McKendree Long abandoned his artistic dreams in the 1920s, amidst the conflict between traditionalism and modernism in the South, becoming first a Presbyterian minister and later a Baptist revivalist. While his socially prominent family would likely have been startled at this turn of events, Long was embracing a long regional tradition. Evangelical Protestantism had dominated the South since the Great Revival of the early nineteenth century, and Baptists, Methodists, and Presbyterians were the region's religious establishment, judging by cultural and moral influence. Evangelical religion prizes religious experience over other aspects of faith, offering a tangible way to deal with the burdens of sin and guilt that its Calvinist-inspired view of human nature often inculcates as well. Believers can claim God's freely given grace and rest in the assurance of salvation. This appeal of certainty, the blessed assurance of redemption, has always been a compelling quality of evangelicalism for people in times of social change and individual stress. Conviction of redemption often brings a commitment to personal morality and aspirations toward an upright life and work for the common social good (fig. 7). The Bible was the icon of faith for evangelicals like Long, the authoritative source for inspiration and daily living.
Evangelicalism wants to share the faith, placing a premium on proselytizing, and Long's decision to become not just a minister but a revivalist must be seen in this context. Southern culture has been an expressive one, and Southern life has long included a familiarity with evangelical Christianity. In Long's day, roadside signs cried out "Jesus Saves" and "Get Right with God" (fig. 8), and homes and the airwaves were filled with the singing of gospel songs, a common body of which united evangelicals in many specific denominations. Traditional Southern culture was an oral one, producing talkers -- whether storytellers, lawyers, singers, or preachers. Advocates of the gospel not only preached but also witnessed, one-to-one, to lost souls. Evangelistic campaigns were familiar to Southerners of the 1920s, among the major rituals of regional life (fig. 9). Frank Dixon, a northern observer of the South in 1900, noted that Southern Baptists had regarded "evangelism as the be-all and end-all of religion," and his observation held true long afterward. Methodist Sam Jones was the most famous Southern revival preacher of the late nineteenth century, establishing the model from which Long drew for city-wide, interdenominational services in Southern communities. Mass revivals became even more popular in the 1920s than before. Southerners could have heard not only Long preach but such well-known traveling revivalists as Mordecai Ham and Billy Sunday (fig. 10) and lesser knowns such as J. C. Bishop, the "Yodeling Cowboy Evangelist."

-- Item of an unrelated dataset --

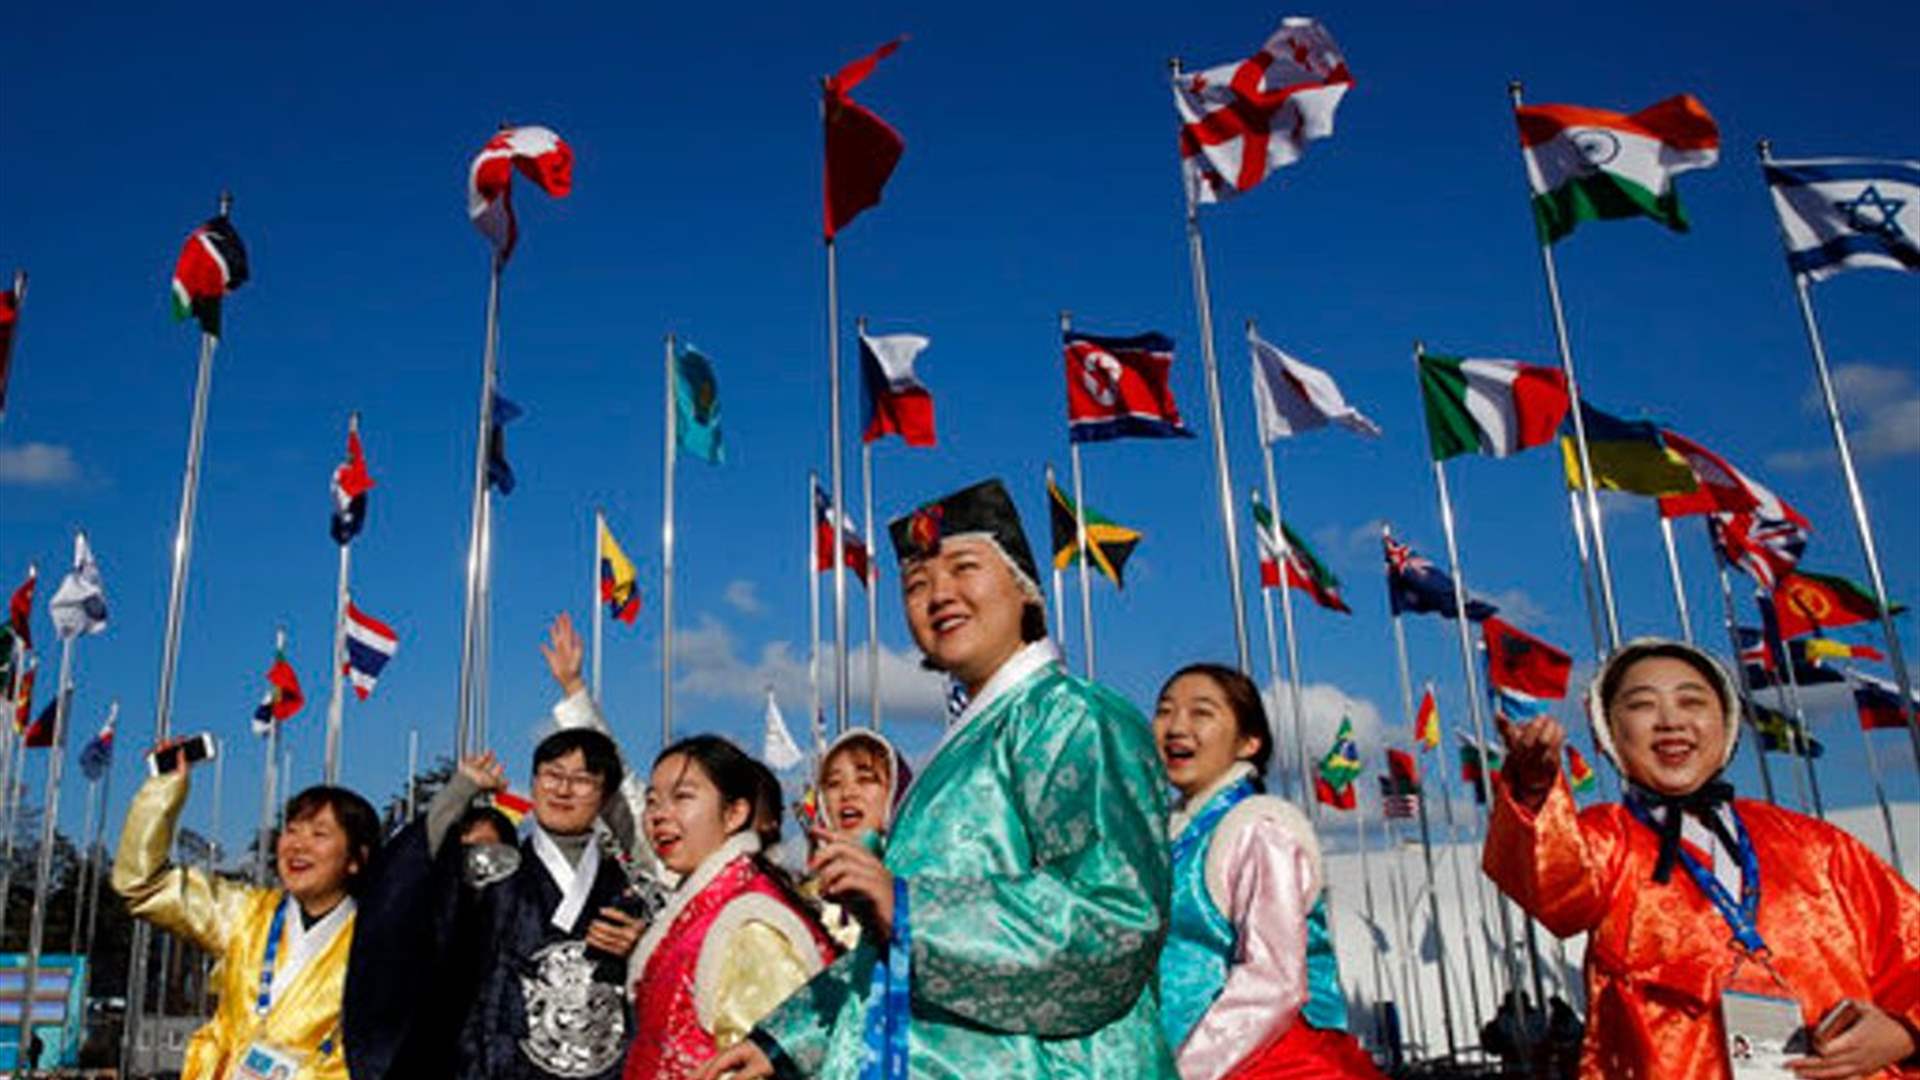 تقديم رياضيي كوريا الجنوبية المشاركين في الألعاب الأولمبية على أنهم من كوريا الشمالية

Long came to his role as revivalist slowly. While studying art in London, he attended services at the Metropolitan Tabernacle, an evangelical-fundamentalist haven founded by one of the most famous Baptist ministers of the nineteenth century, Charles Spurgeon. Long was rebaptized in 1912, reaffirming his Christian faith, but with a new evangelical focus. He returned to North Carolina after that but worked as a painter, proselytizing for Southern cultural advancement more than religion. He advertised an exhibit of his work in Raleigh as that of "McKendree Long, Southern Painter," and he told the audiences viewing his work that the region needed a first-class museum and greater understanding of high art.
Gradually, as the dramatic conflicts of the 1920s developed, Long turned to evangelicalism in charting a new course for his creativity. After announcing his decision in the mid-1920s to become an evangelist, he preached high-profile revivalistic campaigns, such as the seven-week revival at Lumberton, North Carolina, in 1930. The Charlotte Observer reported that the campaign resulted in 675 professions of faith and repentance, "placing him in a class with the best of the nationally known evangelists of the last twenty years." The revival began in Lumberton's downtown Methodist church, moved to the grade-school auditorium when it grew in numbers, and relocated to a large tobacco warehouse, where it became a true community service. The Observer concluded from the revival that Long was "launched upon a career of great usefulness and success as a minister. Revealingly, the paper also noted the town's financial generosity toward Long, providing substantial contributions when it became clear he needed support. This generosity came despite "boll weevil conditions existing and mills running only on part time" in Lumberton. Long also noted that he sold sixteen of his paintings locally, earning the equivalent of two months of a preacher's salary.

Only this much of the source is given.